For the Standing Posture: The model achieved an accuracy of 82.13% with a fatigue F1-score of 0.7772. A deeper dive into the constituent metrics for the fatigue class shows a precision of 0.7342 and a recall of 0.8257. This disparity, with recall significantly exceeding precision, indicates that the model is highly sensitive in detecting true instances of fatigue, a crucial attribute for ergonomic applications.
For the Stooping Posture: In this more demanding posture, the model yielded its highest accuracy of 82.66%. The fatigue F1-score was 0.7688, derived from a precision of 0.7154 and the highest recall value observed across all tests at 0.8309. The precision for the non-fatigued class was also exceptionally high at 0.9017, signifying that when the model predicts a non-fatigued state during stooping, it does so with very high confidence.
For the Kneeling Posture: The model maintained its robust performance with an accuracy of 82.38% and a fatigue F1-score of 0.7675. The precision–recall profile for the fatigue class (0.7249 and 0.8154, respectively) mirrored that of the other postures, again prioritizing the correct identification of fatigued states over precision.
To visually deconstruct these numerical results, the corresponding confusion matrices are presented in
Figure 13. The confusion matrices offer a granular view of the hybrid model’s classification behavior and visually confirm a critical performance characteristic.
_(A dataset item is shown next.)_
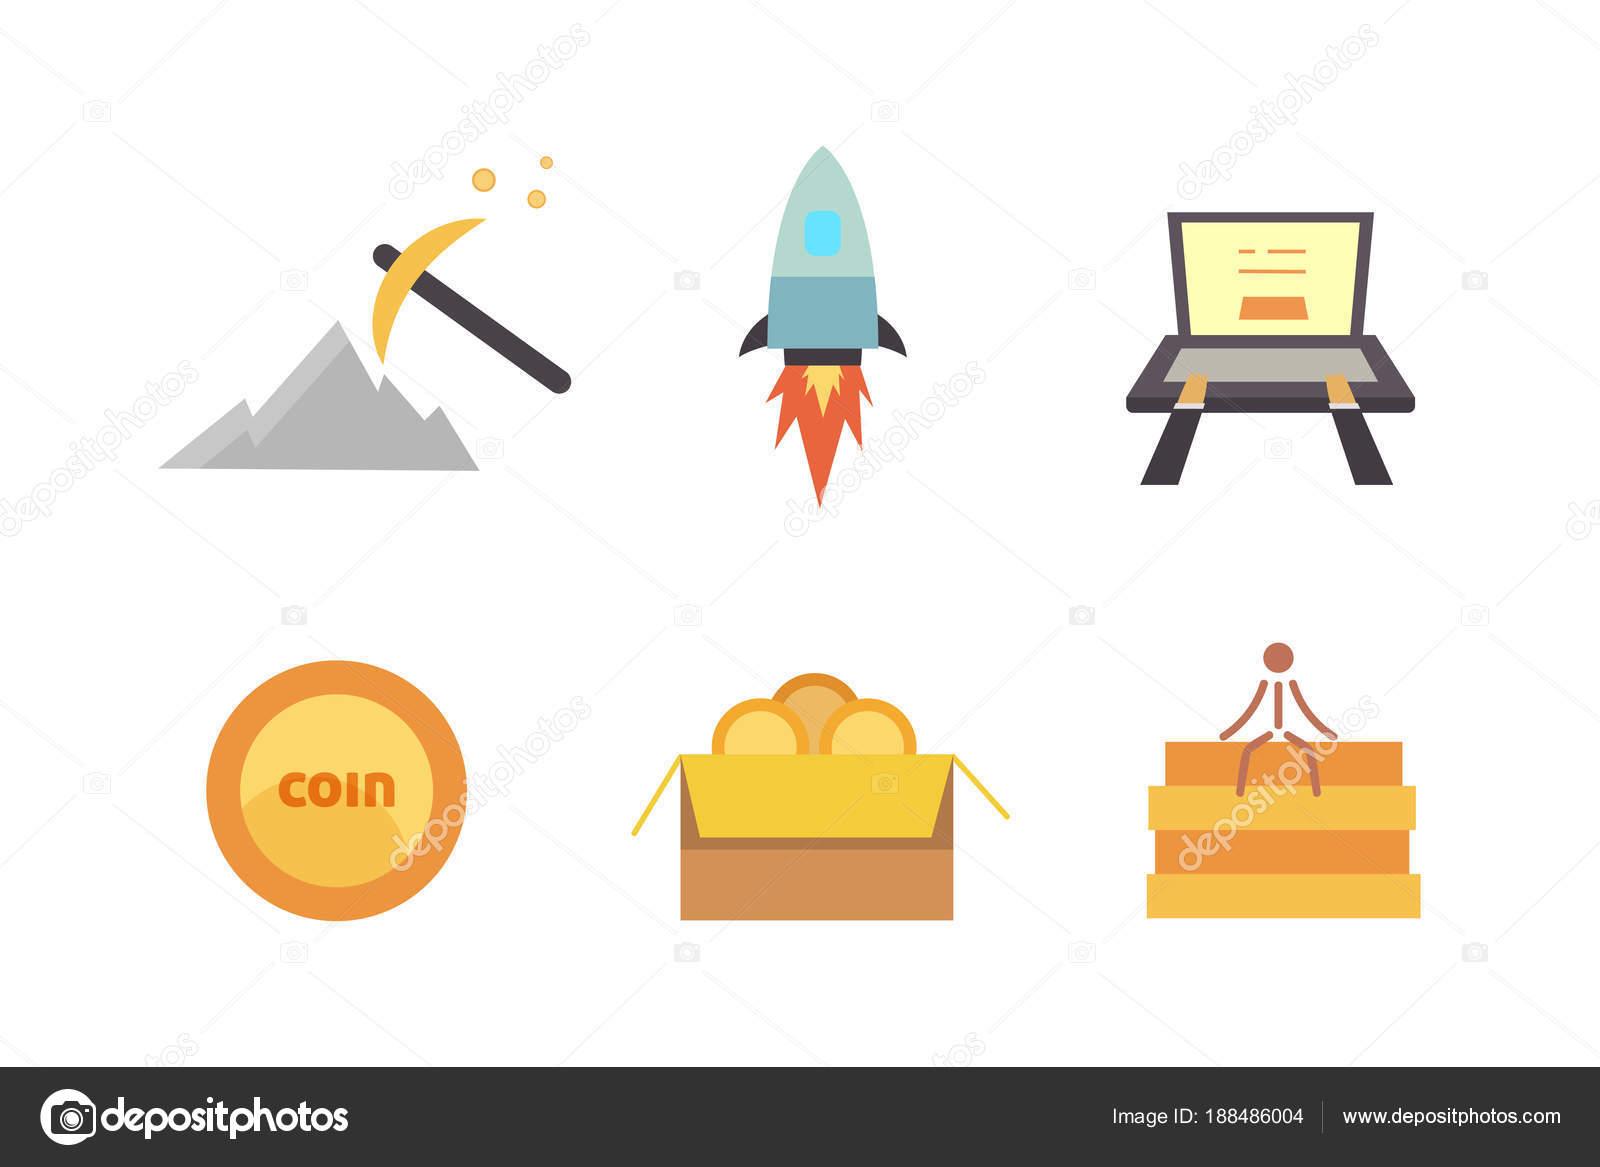 Token ICO vector illustration and blockchain technology

Across all three postures, the model demonstrates exceptionally high sensitivity (recall) for the fatigue class. For instance, in the standing posture (a), the model correctly identified 370,287 fatigued segments (TPs) while misclassifying only 78,165 (FNs). This pattern, where TPs for fatigue substantially outnumber FNs, holds for both stooping (b) and kneeling (c).
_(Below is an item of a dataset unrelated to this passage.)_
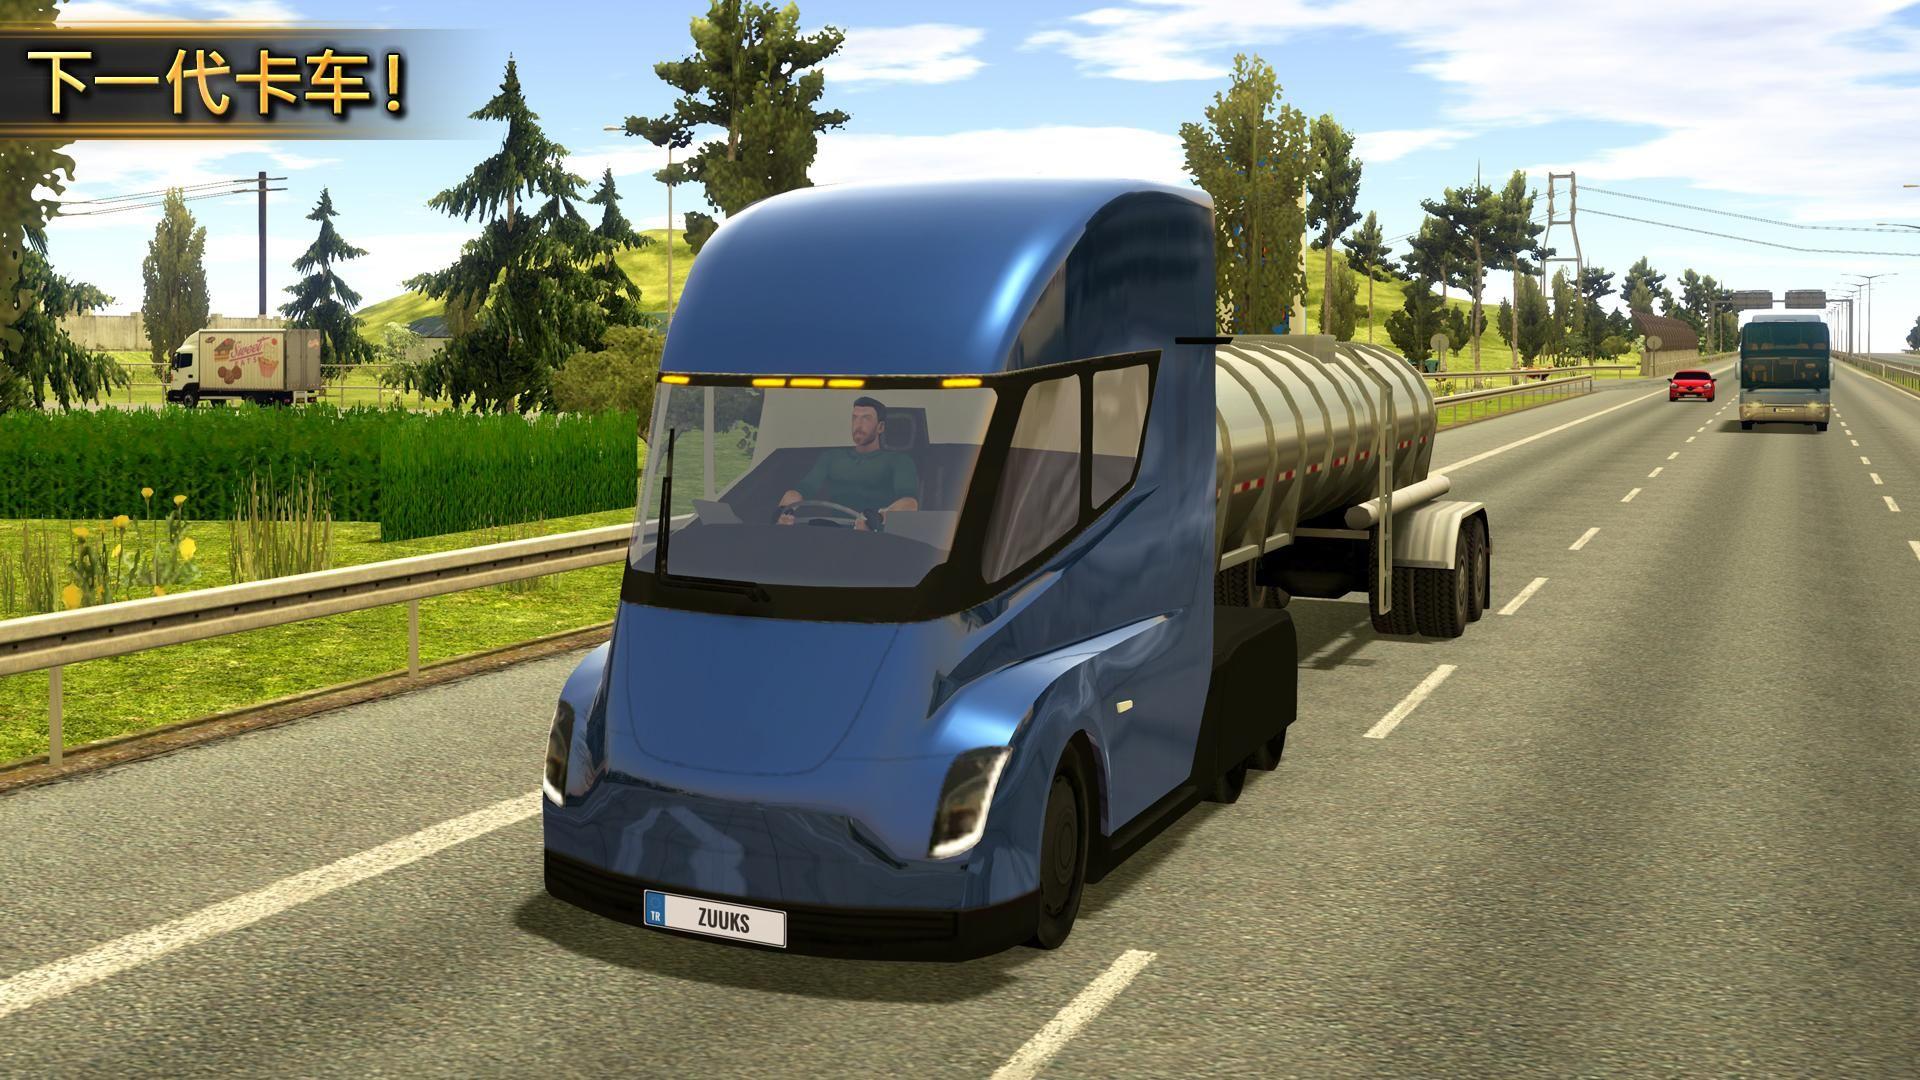 卡车模拟器2018年 - Truck Simulator 2018 : Europe 游戏截图5

This performance profile is highly desirable for an ergonomic monitoring system. The high recall signifies a low false negative rate, meaning the model is adept at correctly identifying true instances of fatigue, thus minimizing the risk of overlooking a worker’s fatigued state, the most critical error to avoid in a safety context. The trade-off for this high sensitivity is a slightly lower precision, evidenced by the number of FP (e.g., 134,066 for standing). This indicates the model may occasionally flag a non-fatigued state as fatigued. However, this is a far more acceptable error from a safety perspective than missing an actual case of fatigue.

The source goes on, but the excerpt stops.